Tuning the mechanical and dynamic properties of imine bond crosslinked elastomeric vitrimers by manipulating the crosslinking degree

Abstract

Vitrimers are a class of covalently crosslinked networks that act as a traditional thermoset at low temperatures while they can flow and act as a viscoelastic liquid at high temperatures through bond exchange reactions. The state-of-the-art approach to tune the mechanical and dynamic properties of vitrimers is to explore new exchangeable chemistries and alter catalyst systems and stoichiometric ratios of the starting materials. Herein, we initiate an alternative approach toward this goal. In particular, aldehyde group-terminated polybutadiene rubber (APB) with different molecular weights were prepared and subsequently crosslinked by tris(2-aminoethyl)amine through the formation of imine bond linkages.

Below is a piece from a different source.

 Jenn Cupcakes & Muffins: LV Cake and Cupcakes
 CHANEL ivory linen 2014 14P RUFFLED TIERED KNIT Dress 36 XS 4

The modulus and ultimate strength of the imine bond crosslinked networks are consistently enhanced with the decrease of the molecular weight of APB precursors. In addition, APB with a higher molecular weight, i.e. a lower crosslinking degree, leads to a faster relaxation rate and a higher activation energy for network rearrangement. We envision that this work provides a methodology to tune the mechanical and dynamic properties of vitrimer materials by altering the precursor molecular weight and network crosslinking degree.